Are Backlinks Still Important for SEO in 2026 or Is the Backlink Obituary Premature
Every few months someone publishes the backlink obituary. Backlinks are dead, the post says, Google moved on, content is all that matters now, stop wasting money on link building. The post does numbers. People share it. And a quarter later someone writes it again, because the first funeral did not take.

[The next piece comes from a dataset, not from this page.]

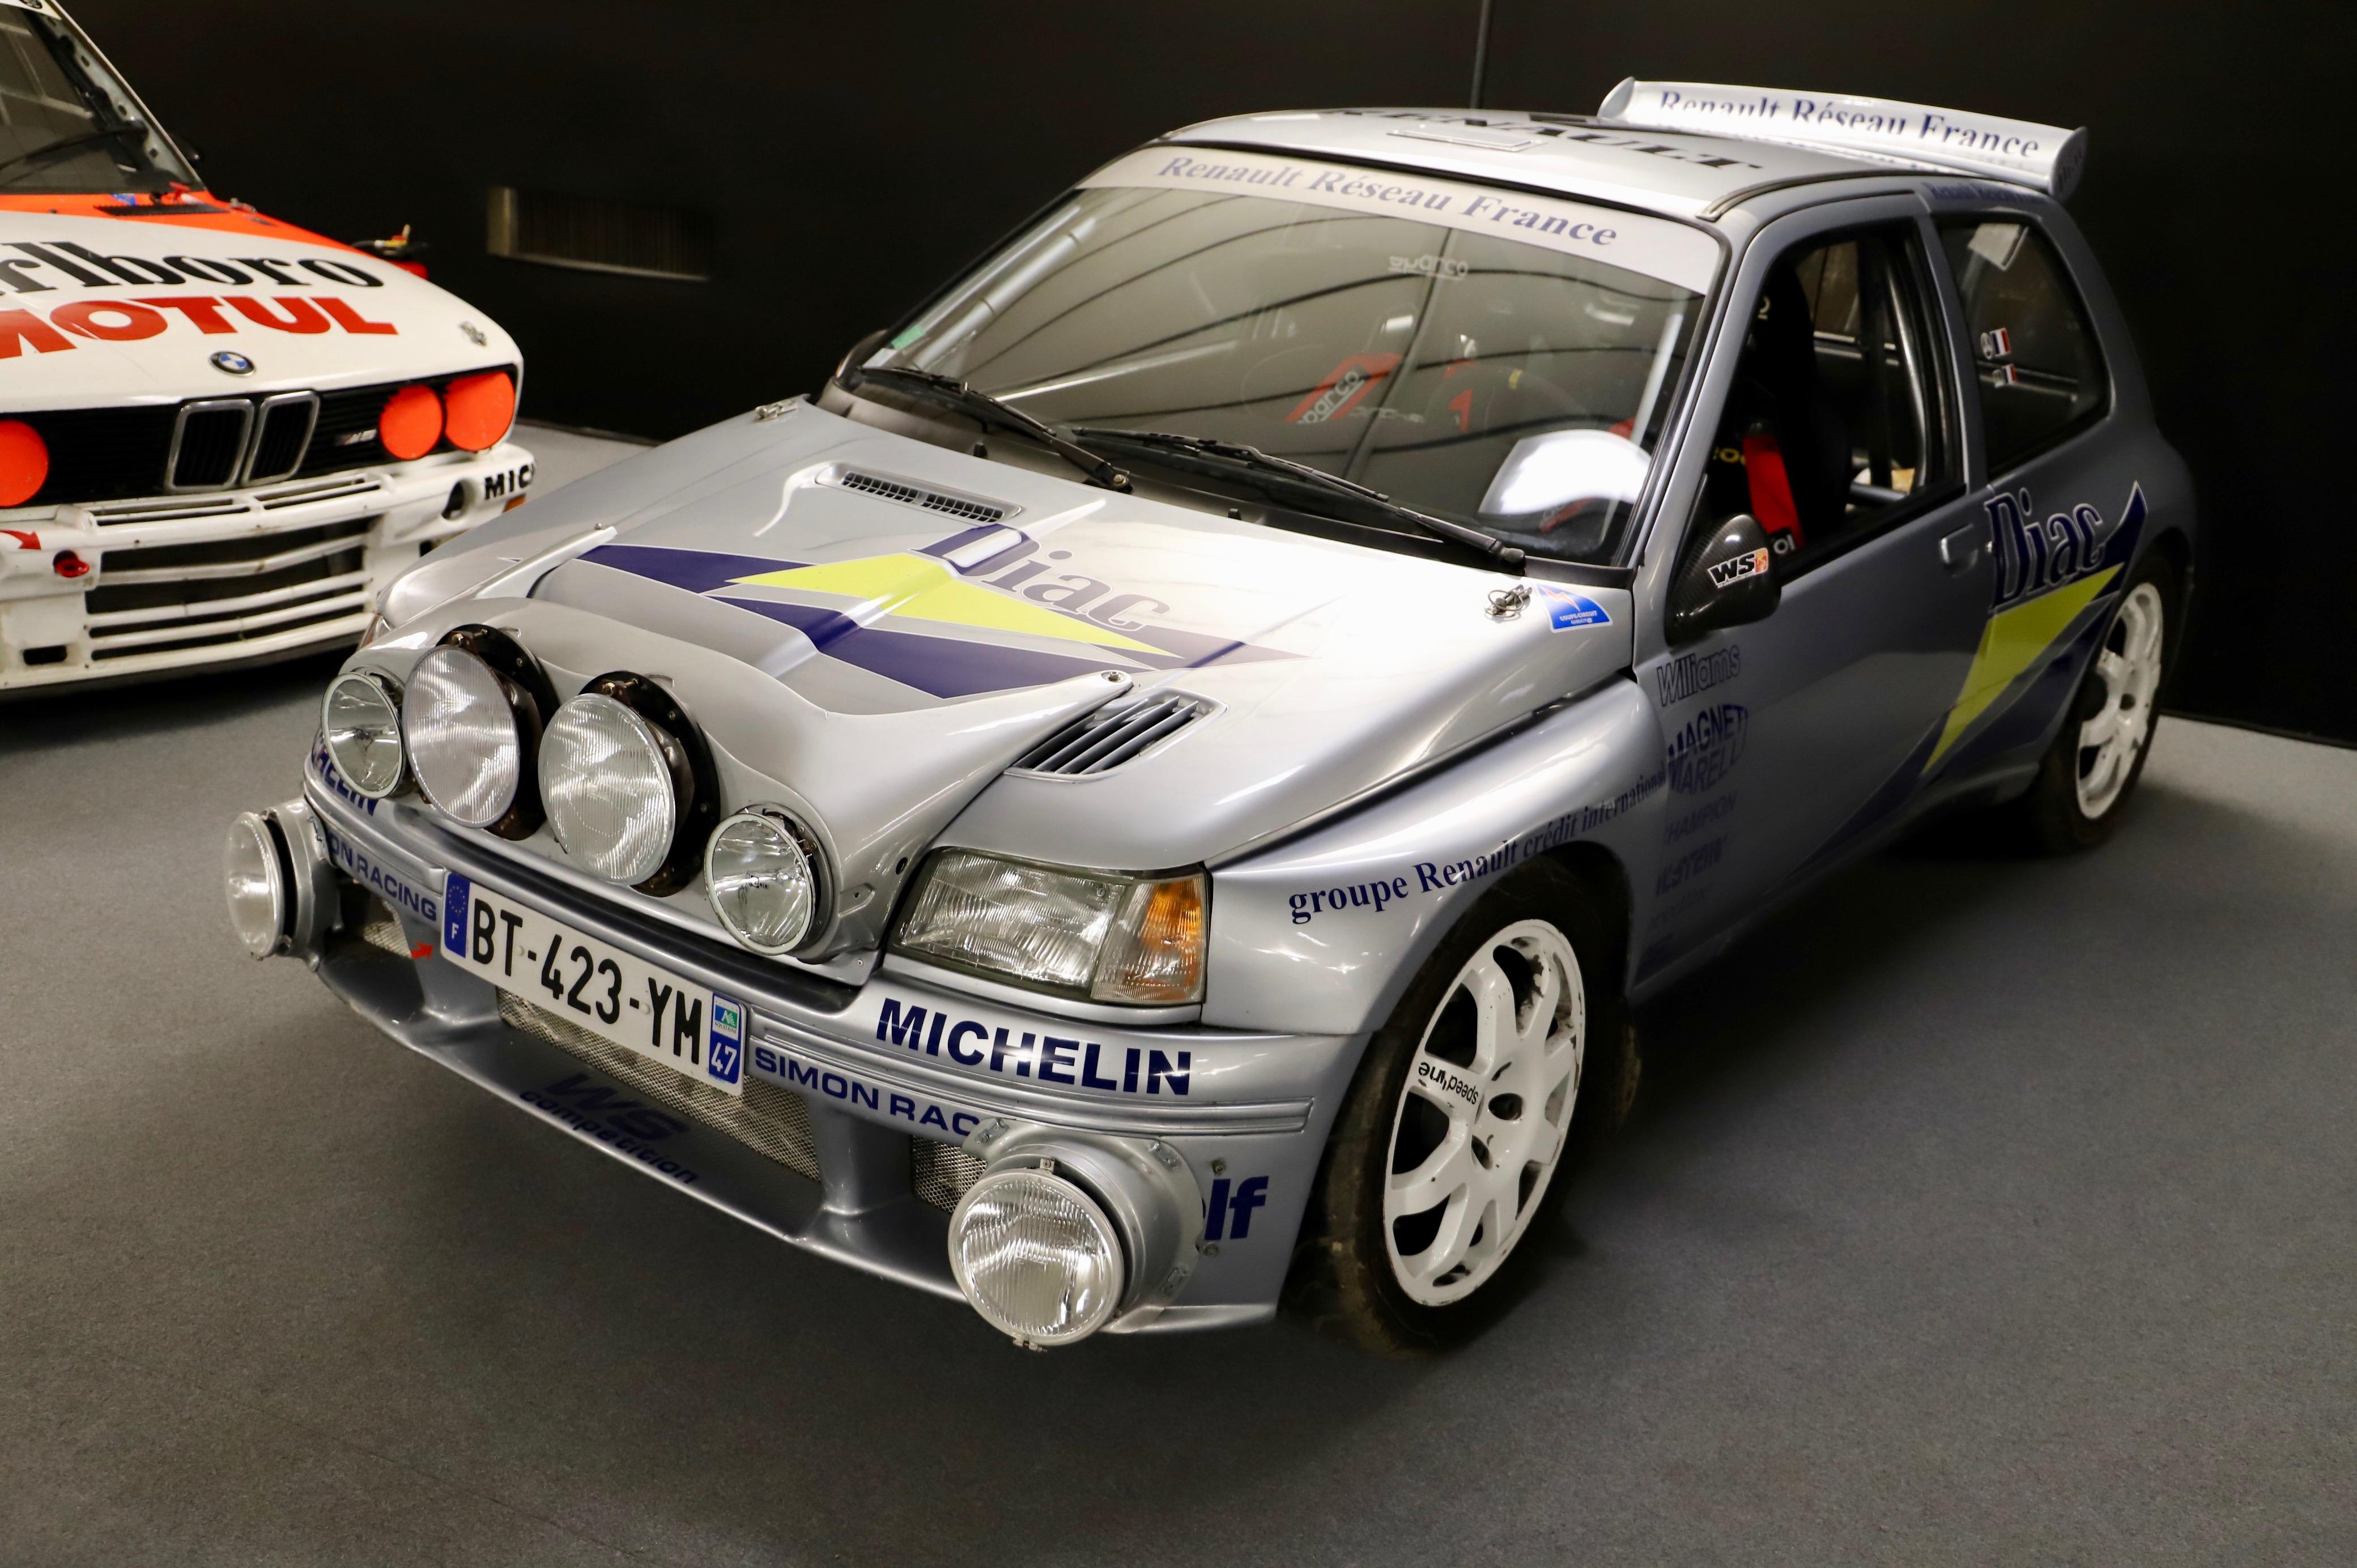 Renault Clio Maxi Kit - Ragnotti - 1995 - La Parisienne 2021 - Motorcars Artcurial - photo Ludo Ferrari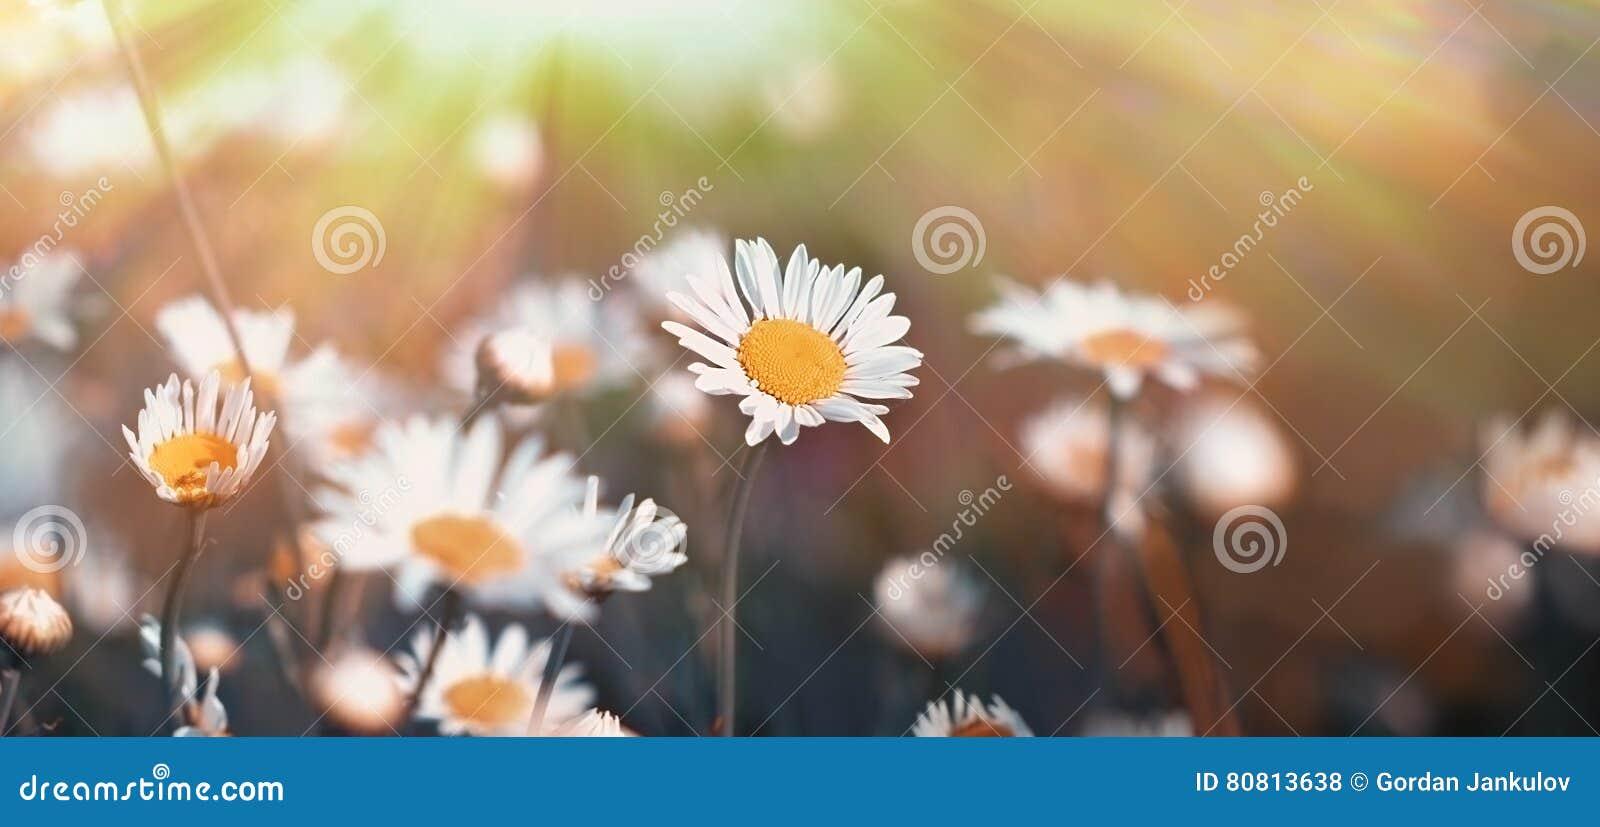 Beautiful daisy flowers lit by sun rays stock photo image of fresh beautiful daisy flowers lit by sun rays izmirmasajfo

I work with subject matter experts who are very good at their jobs and understandably confused by this. They read one confident headline declaring backlinks obsolete, quietly cut link building from their SEO plan, and six months later they cannot work out why a competitor with thinner content keeps outranking them on the search terms that pay the bills. The obituary cost them rankings. So let me answer the question the headlines keep dodging.
Are backlinks still important for SEO in 2026
Yes, backlinks are still important for SEO in 2026. Backlinks remain a core ranking factor, and Google's reasonable surfer patent confirms backlinks are still scored on quality. Backlinks still matter, but the relevance and authority of the referring domain now decide how important each backlink is.
That answer holds up against what Google says in public, what Google built in private, and what independent search data keeps finding. Those three sources rarely agree this cleanly, so each one is worth walking through.
Why the backlink obituary keeps getting written too early
The death notices are not invented out of nothing. They come from real Google statements that get stretched past what they actually said. In September 2023, Gary Illyes told a conference that links are not a top three ranking factor. Notice what he did not say. He did not say backlinks stopped mattering for SEO. He said the weighting moved.
Then in March 2024, Google links documentation update, so links became "a signal" rather than "an important signal." A month later Illyes said Google needs very few links to rank a page, and the room heard "links are over." He walked the comment back on X within a day. John Mueller has added his own version, telling website owners there are more important things to work on than chasing link counts.
Read those quotes together and a careful reader gets "backlinks are weighted a little less and quality matters more." A headline writer gets "backlinks are dead." That gap is the whole obituary industry. The smarter move covered in link building strategies was never to chase link volume in the first place, so the people doing SEO right were never the target of these warnings.
What Google's patents reveal about backlinks and link quality
Here is the part the obituaries skip, and it is the part that settles the argument. Google still describes PageRank as "one of our core ranking systems" in its own guide to how search works. A ranking factor that Google was actually retiring would not sit in that document.
PageRank also stopped being a flat counter of backlinks a long time ago. Google's reasonable surfer patent describes ranking a page based on the probability that a real person actually clicks each link, using features like the link's position on the page, its font, and its anchor text. A link buried in a footer passes almost nothing. A relevant link inside the body of a related article passes real authority to your website. The "quality over quantity" advice everyone repeats is not a slogan. It is literally how the patent assigns weight to links, and it traces straight back to the original PageRank patent that has only grown more selective about which backlinks count.
The "quality over quantity" advice everyone repeats is not a slogan.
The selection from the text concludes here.